— Может, ему это просто не пришло в голову. А, может быть, существуют и другие родственники. Как насчет того дяди, который уехал в Австралию?
— Действительно. Ну, по крайней мере, он его не уничтожил. В 1925 году миссис Рэйберн перенесла тяжелый инсульт, после которого стала полным инвалидом — она была полностью парализована и фактически полностью лишилась рассудка, так что какие-либо новые распоряжения с ее стороны или изменение завещания полностью исключается. От мистера Арбетнота мы знаем, что примерно в это время мистер Эркерт сделал опасный шаг и занялся финансовыми спекуляциями. Он наделал ошибок, потерял деньги, пошел на новые спекуляции в надежде компенсировать затраты — и еще больше увяз с крахом треста «Мегатериум, Лимитед». Он явно потерял больше, чем мог бы себе позволить, и теперь благодаря открытию мисс Мерчисон (не без сожаления замечу, сделанному в обход наших обычных правил) мы узнали, что он регулярно злоупотреблял своим положением доверенного лица и управляющего имением и пользовался деньгами миссис Рэйберн для своих собственных спекуляций.

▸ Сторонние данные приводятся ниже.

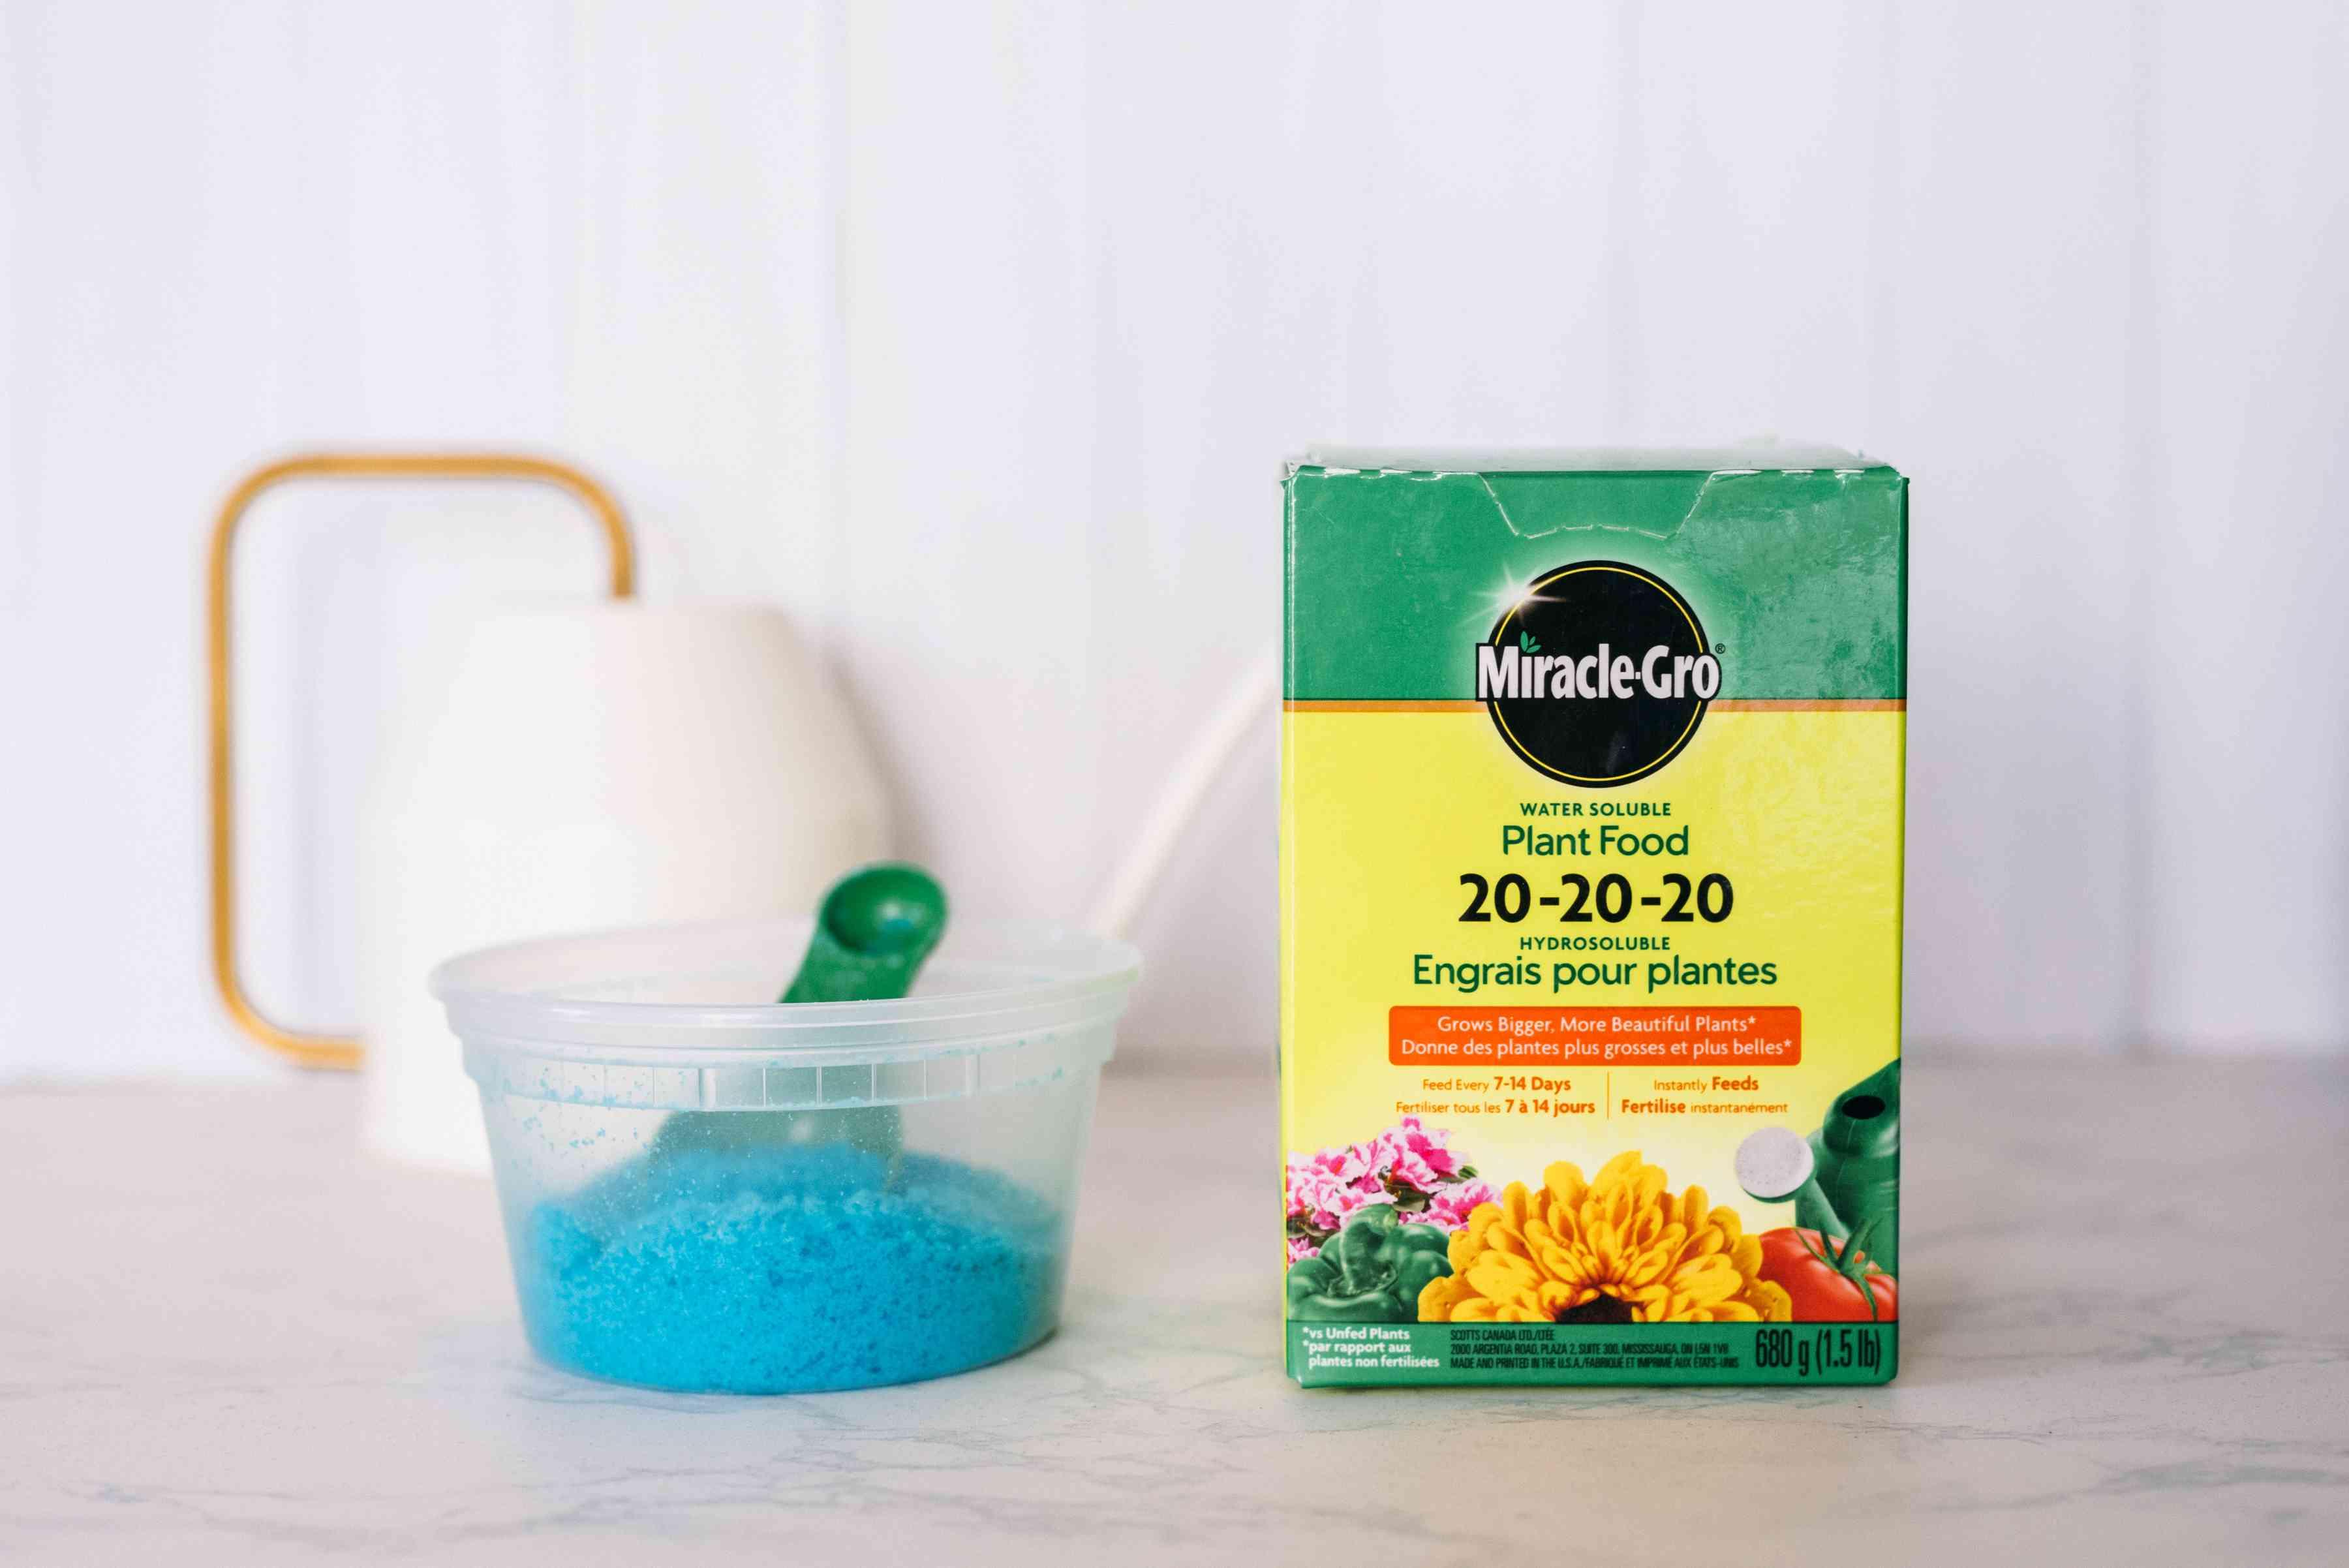 Miracle Gro fertilizer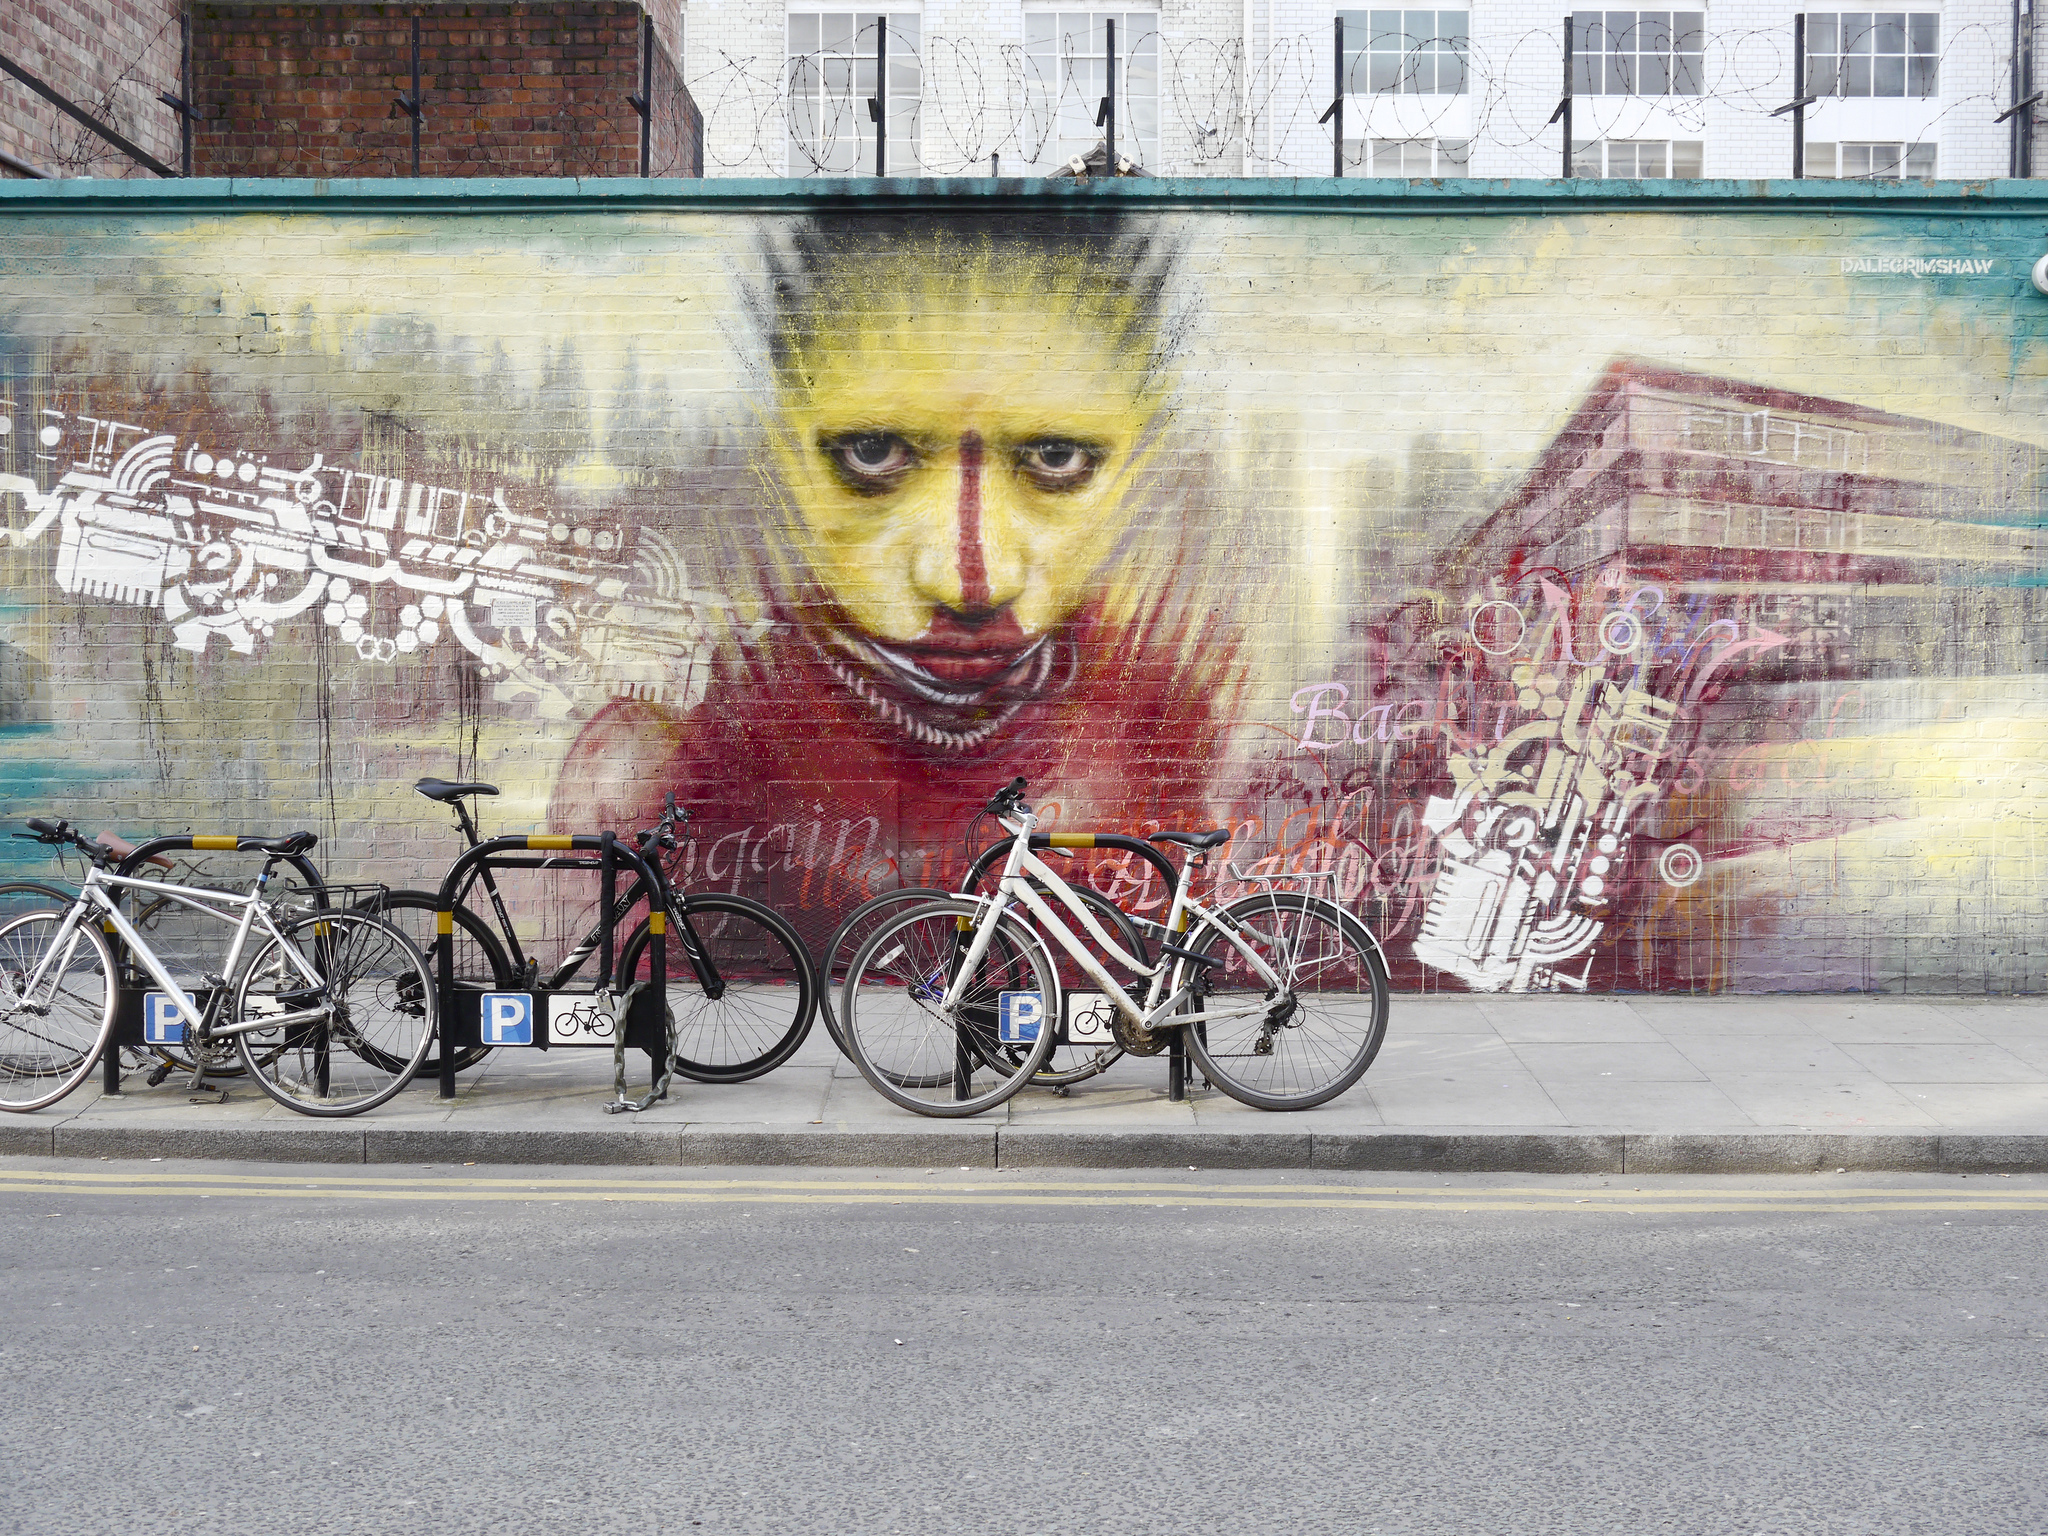 Dale Grimshaw, Clifton Street, Hoxton

Под гарантию имущества миссис Рэйберн он получал большие ссуды, а добытые таким путем деньги пускал в «Мегатериум» и другие рискованные предприятия.
Пока была жива миссис Рэйберн, он оставался в относительной безопасности, поскольку должен был лишь покрывать ее хозяйственные нужды, содержание ее дома и прислуги. И действительно, все хозяйственные счета и тому подобное оплачивал он сам, как ее представитель, жалование всей прислуге платил он, и пока он неукоснительно это делал, никто не имел права поинтересоваться, что происходит с капиталом. Но стоило только миссис Рэйберн умереть, и ему пришлось бы дать второму наследнику, Филиппу Бойсу, полный отчет о деньгах, которые он растратил.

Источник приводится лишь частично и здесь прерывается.